Homeland Security Secretary Janet Napolitano: No. Uh, we had proposed that. It had included in the original ask by the President. Uh, after doing an analysis of, of, uh, whether that would have any, uh, uh, any uh [inaudible] impact…
…Question: I see. And, and my second question is this, the, the funding, uh, as I understand, about five hundred fifty million that comes from H1Bs and L visas, is that a dependable source of funding? Because my understanding is that some of these companies, uh, that will bear the burden of these fees, uh, could do things that would remove them from this pool of target companies that are the, the funding source of this bill. So, uh, can the Department of Homeland Security depend on this, uh, as a reliable source of funding?

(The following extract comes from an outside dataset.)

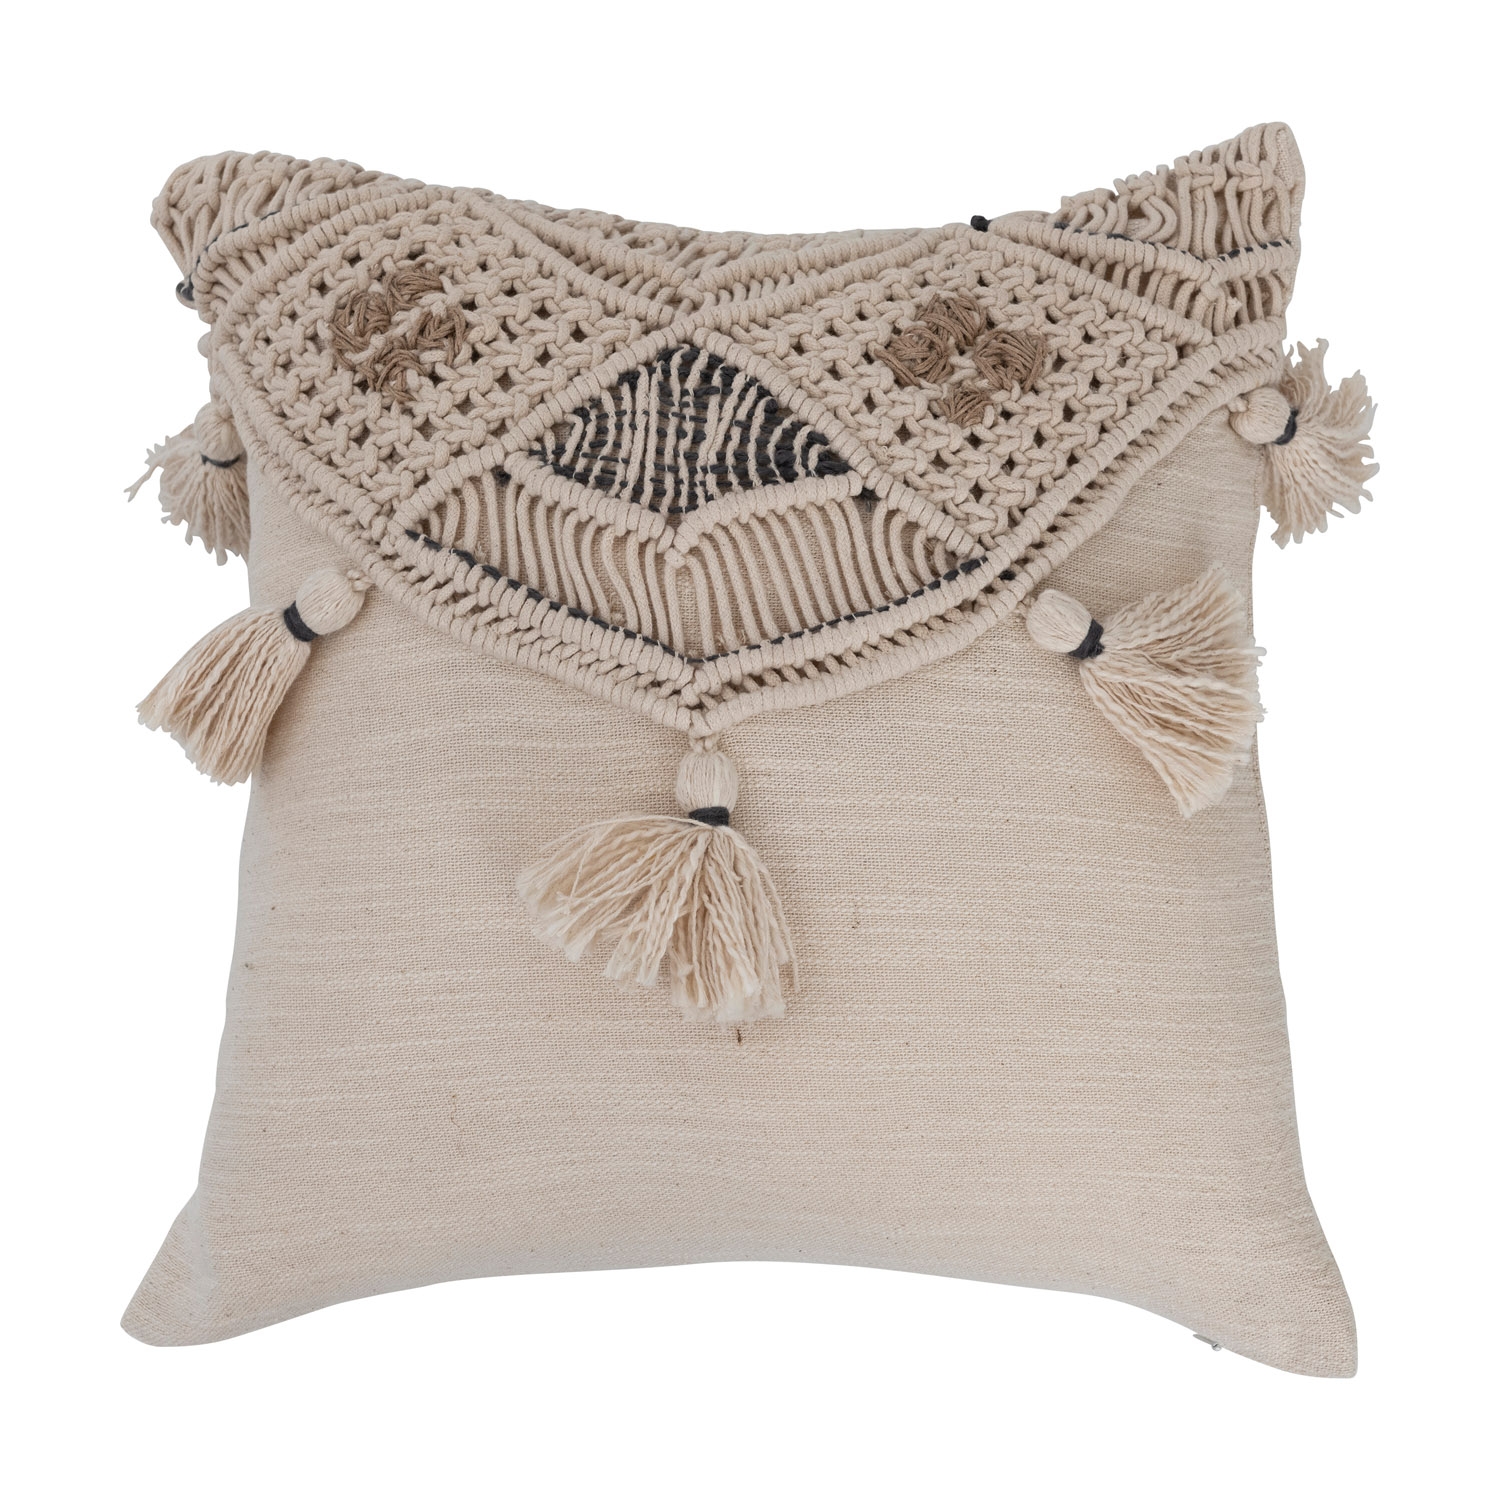 Hand-Woven Cotton and Jute Macramé Pillow with Tassels - Image 0
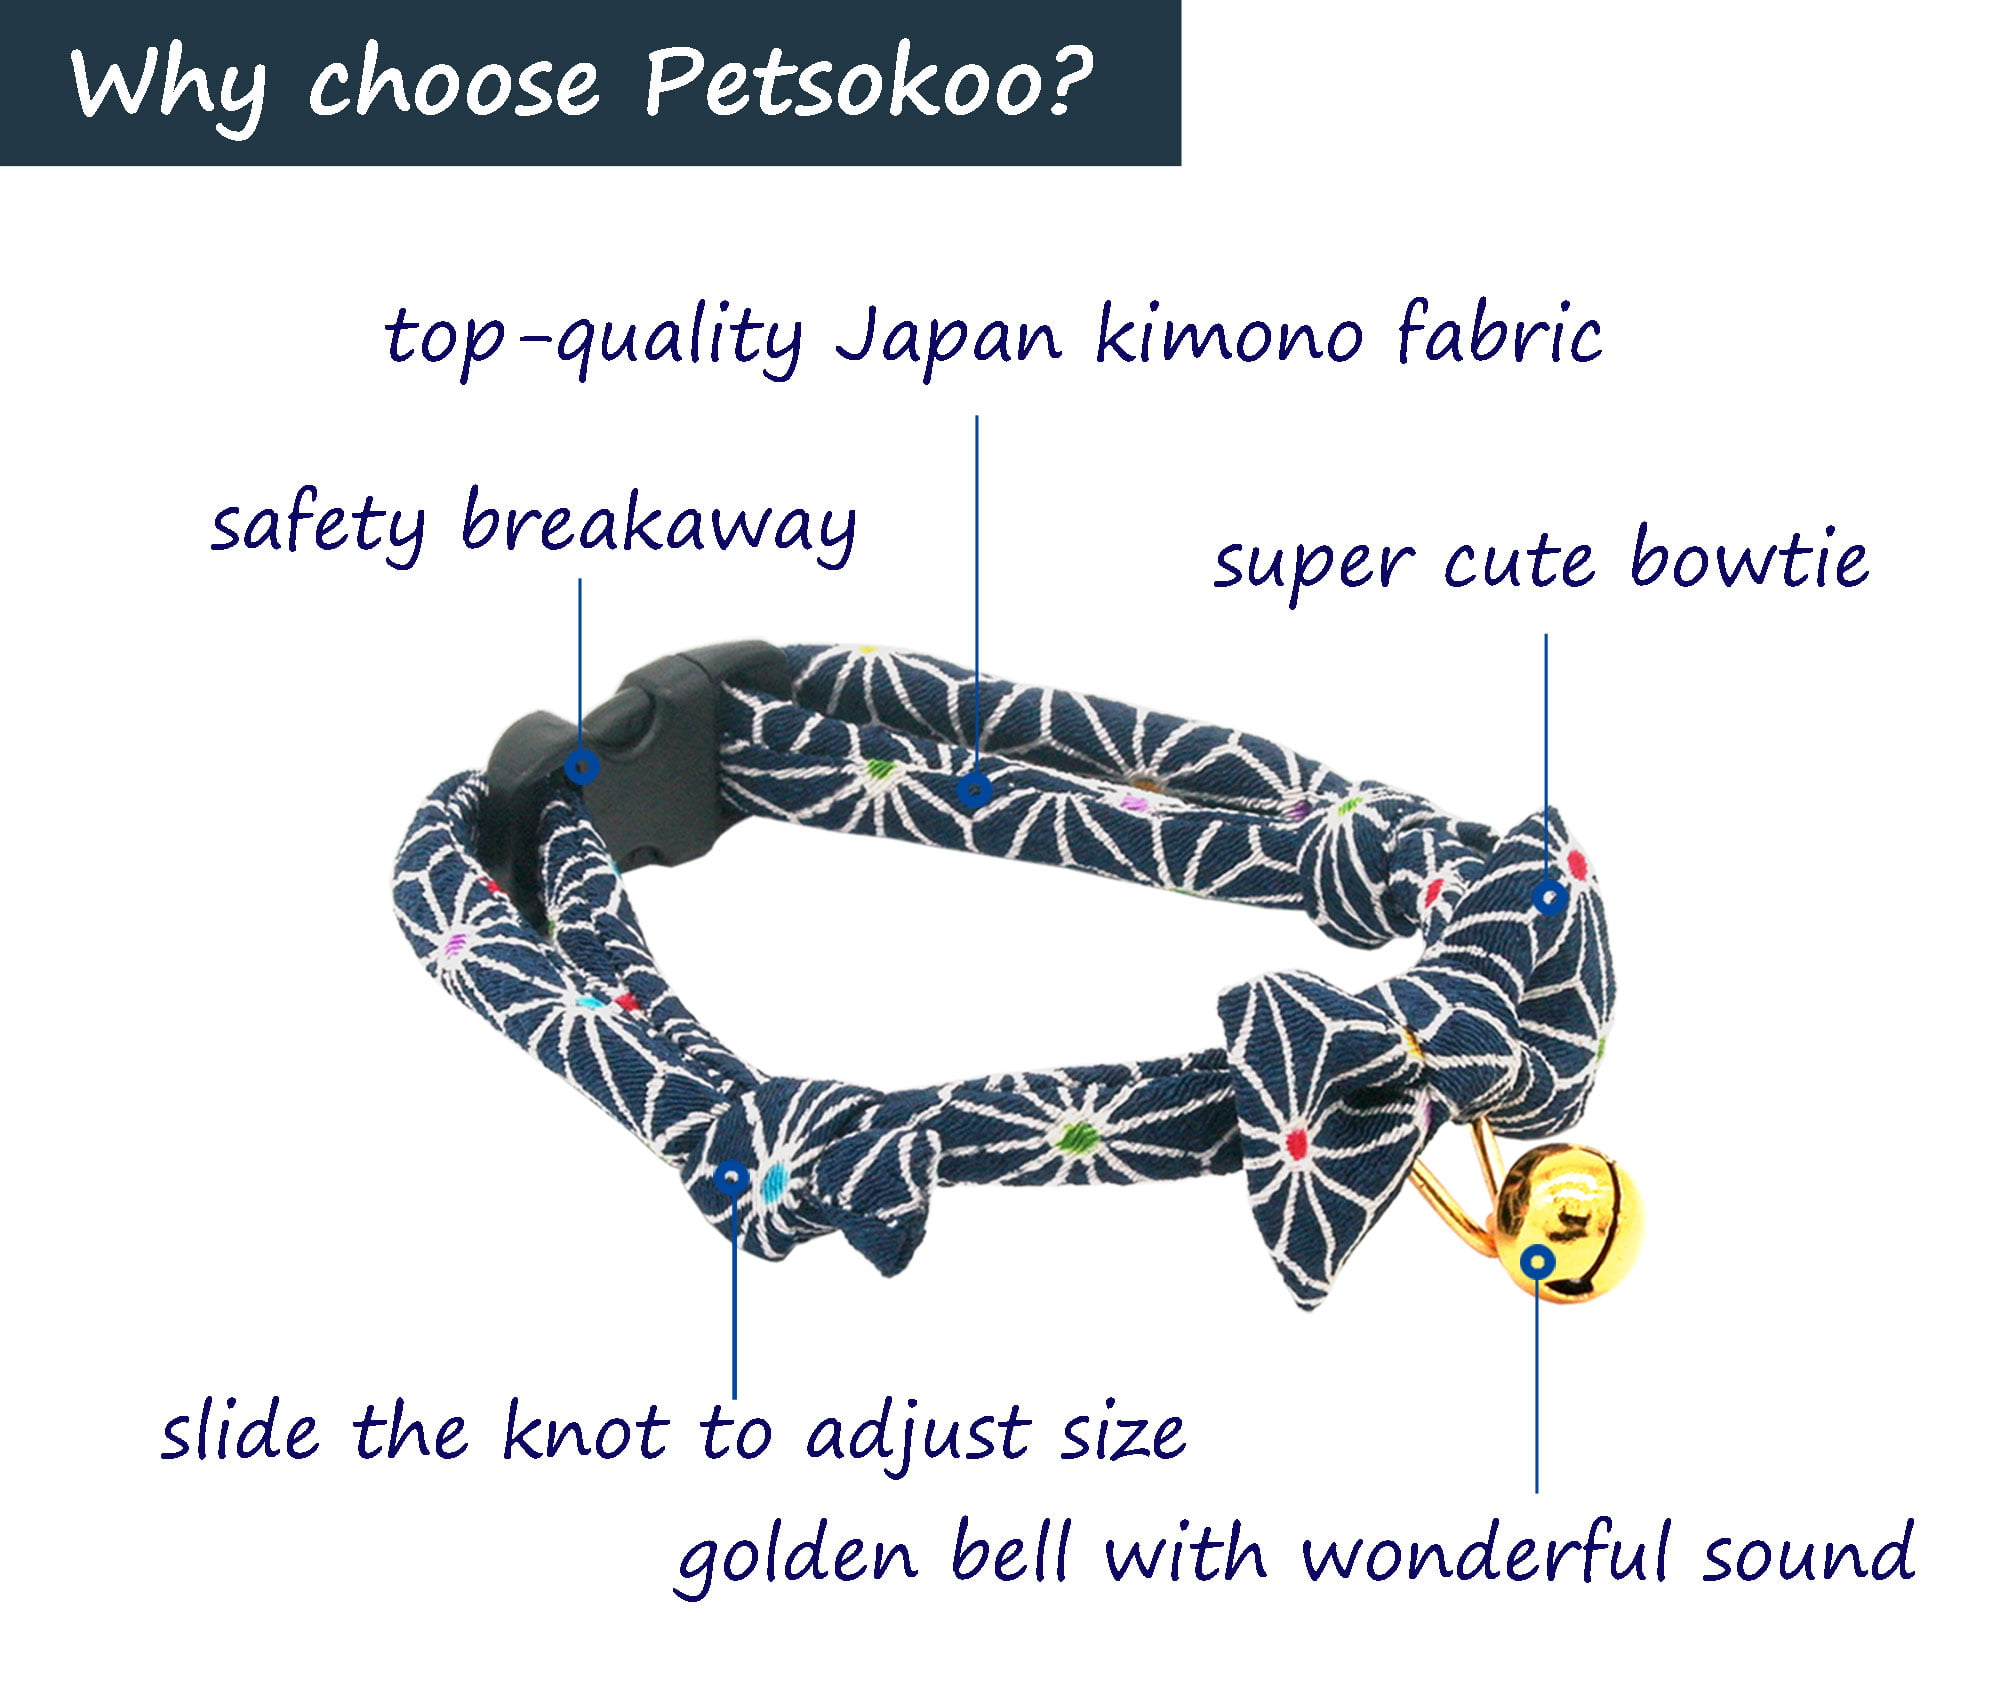 Japan Tortoiseshell Figure Style Safety Quick Breakaway Original Design 6-13 inch,16-32cm , Purple Comfortable Durable Lightweight Standard Safety Quick Breakawayomfortable Durable Lightweight PetSoKoo Bowtie Cat Collar With Bell

Secretary Napolitano: Uh, uh, we believe so. Uh, the Senate and the House obviously believe so. And the CBP believes so because they, uh, issued an analysis that, uh, affirmed this source of funding.
Question: Um, I just had a couple quick questions specifically on the, um, forward operating bases. Can you just tell me a little bit more about what those are and have you decided where they’re gonna go? And then just on the overarching, I know you somewhat addressed this in the, um, in the White House briefing, but, um, having been here for a number of years watching, uh, immigration reform and, uh, both the politics and the admin, administrative stuff being done it, it, it seems that’s all that ever has been done in, in the past decade is enforcement. And once again, President Obama has promised, um, immigration reform, uh, comprehensive immigration reform that includes legalization but, what’s come instead is, um, enforcement. Um, I’m just kind of wondering why anyone who has supported the President, uh, in the past would, should support him any longer if he was unable to deliver on this.
Secretary Napolitano: Well, to, on the forward operating base [inaudible] it is exactly, uh, what the name implies. It is a, a, uh, a facility, uh, that will enable Border Patrol agents and, uh, some of their support to be located physically at the border as opposed to, uh, [inaudible] from the border where they have to drive to the border, um, and we have, we’ve got several options for those. We have not yet determined where those are going to be. With respect to your second point I just think it’s inaccurate all the way around. Uh, first of all, uh, the President has done everything, uh, uh, presidentially possible, uh, to affirm his desire for a comprehensive immigration reform bill, uh, that would address enforcement but also address, uh, worker [inaudible] and also address, uh, those illegally in the country and how they, uh, get right with the law and earn, earn the right to, uh, seek the privilege of citizenship. And so, uh, he has, uh, met with, uh, Republican and Democratic leadership. Uh, he’s called them personally. He has, uh, issued, uh, a public, uh, affirmation of the framework that was endorsed by, uh, Senator Schumer and Graham. He’s given a major address at American University. Uh, so he continues to, uh, have this at the top of, uh, the agenda and moving forward. But as you know, and as I said in the White House briefing, he, he can’t introduce, I mean, he can’t pass a bill, I mean. And the Democrats alone cannot pass a bill, they need sixty. And they’re gonna need Republicans, uh, who are willing to, uh, get to the table and really deal with this, uh, major national issue.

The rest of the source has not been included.